Il se joignit ainsi avec courage, enthousiasme et de son
propre gré au processus d’intégration qui était en
marche. Les forces politiques de droite et les
représentants des grandes corporations n’apprécièrent
pas le geste et ils complotèrent alors pour le
renverser. Le coup d’Etat du 28 juin dernier est un des
plus perfides de toute l’histoire de l’Amérique latine.
Il fut condamné unanimement par la communauté
internationale. Mais il fit la preuve
néanmoins
que les promesses du nouveau président des Etats-Unis,
Barack Obama, de négocier d’égal à égal avec les pays
d’Amérique latine et des Caraïbes, n’étaient que poudre
aux yeux.
Un an
plus tard, en 2006, Rafael Correa, en Equateur, et
Daniel Ortega, au Nicaragua, devaient également
triompher aux élections présidentielles.
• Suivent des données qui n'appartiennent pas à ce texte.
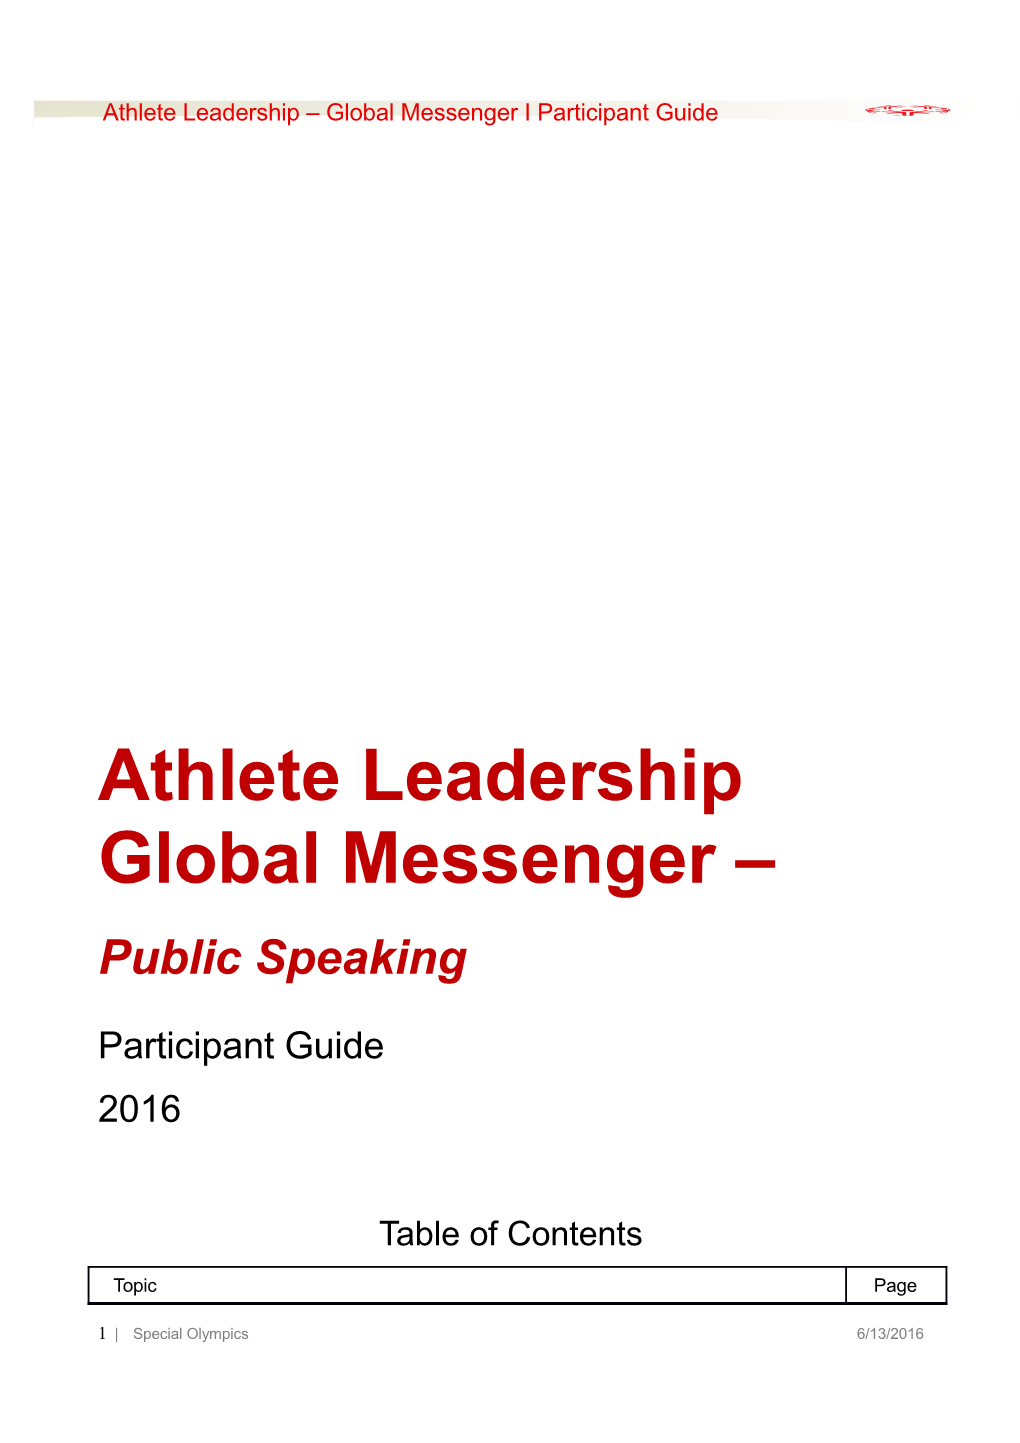 Athlete Leadership Global Messenger I Participant Guide

A peine deux
ans plus tard, au Nicaragua, le Front sandiniste
remporterait une autre victoire éclatante, lors des
élections municipales, avec 109 des 142 mairies en jeu.
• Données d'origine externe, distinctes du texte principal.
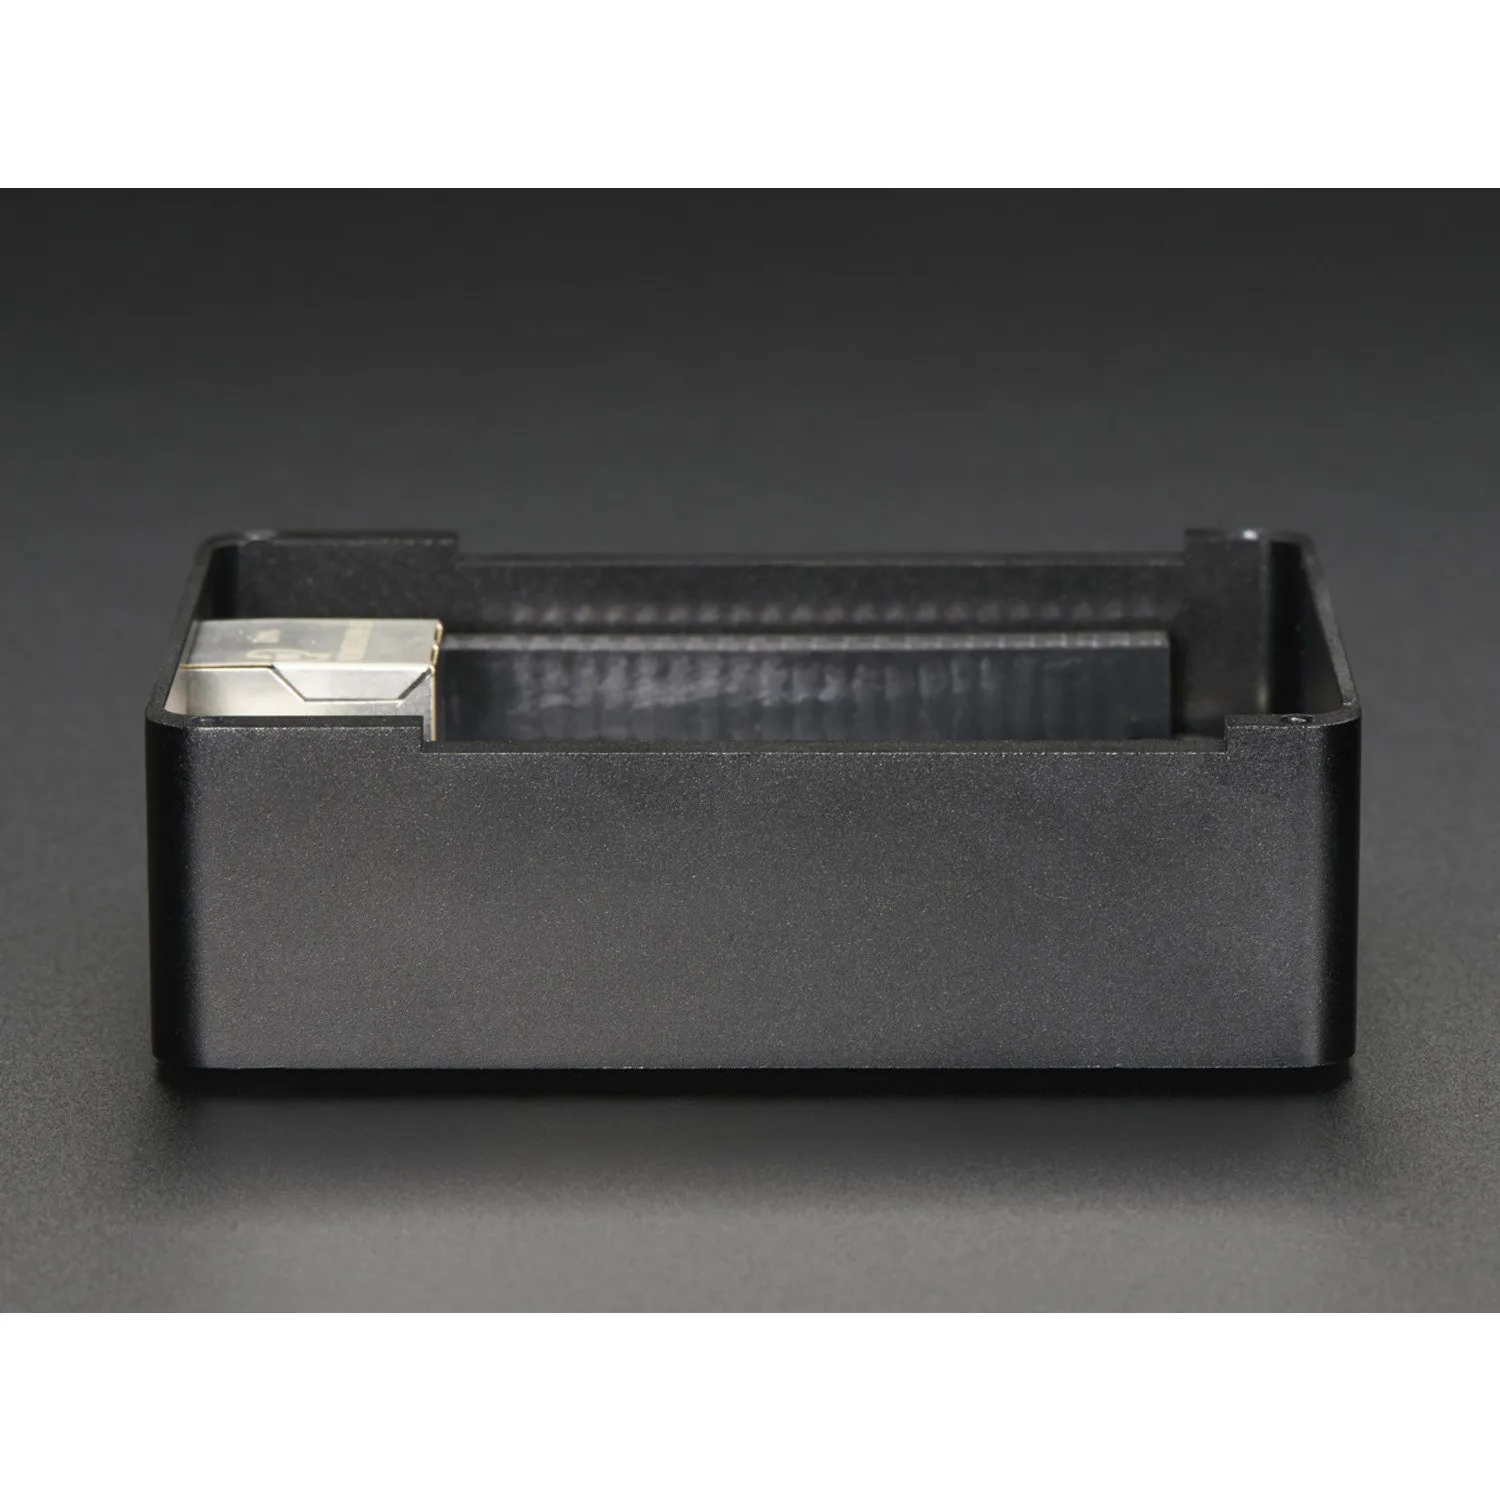 Photo of Anidees Beaglebone Black Case - Black Aluminum with Smoke Top

Mais l’impérialisme nord-américain refuse toujours de
reconnaître cette victoire irréfutable et il tente par
tous les moyens de restituer ces mairies à la
bourgeoisie néolibérale, afin de redessiner la carte
politique de ce pays d’Amérique centrale.
En 2007,
le Guatemala a élu, à la présidence de ce pays, Alvaro
Colon. Ce dernier a tenté, à sa manière, de corriger les
inégalités sociales et de freiner la violence due à
l’extrême pauvreté qui affecte le Guatemala. S’appuyant
sur une politique extérieure indépendante des centres
traditionnels du pouvoir, il a même accepté de visiter
Cuba. Cela aurait été impensable auparavant, lorsque
siégeaient des gouvernements dociles aux intérêts de
l’empire. La preuve était ainsi faite que l’époque où
l’Amérique centrale n’était qu’une vaste république
bananière est désormais révolue.
En
Argentine, pendant cette même année 2007, la sénatrice
Cristina Kirchner, une femme reconnue pour ses positions
énergiques en faveur des droits de la personne et de la
souveraineté nationale, fut élue à la présidence de son
pays. L’Argentine allait poursuivre ainsi la politique
entreprise par son mari, Nestor Kirchner, en affirmant
son indépendance sur la scène internationale, aux côtés
du Brésil de Luiz Inacio Lula da Silva et du Chili de
Michelle Bachelet. Ces gouvernements défendent les
intérêts de l’Amérique latine sur la scène
internationale tout en s’engageant dans la construction
de sociétés plus justes dans leurs propres pays.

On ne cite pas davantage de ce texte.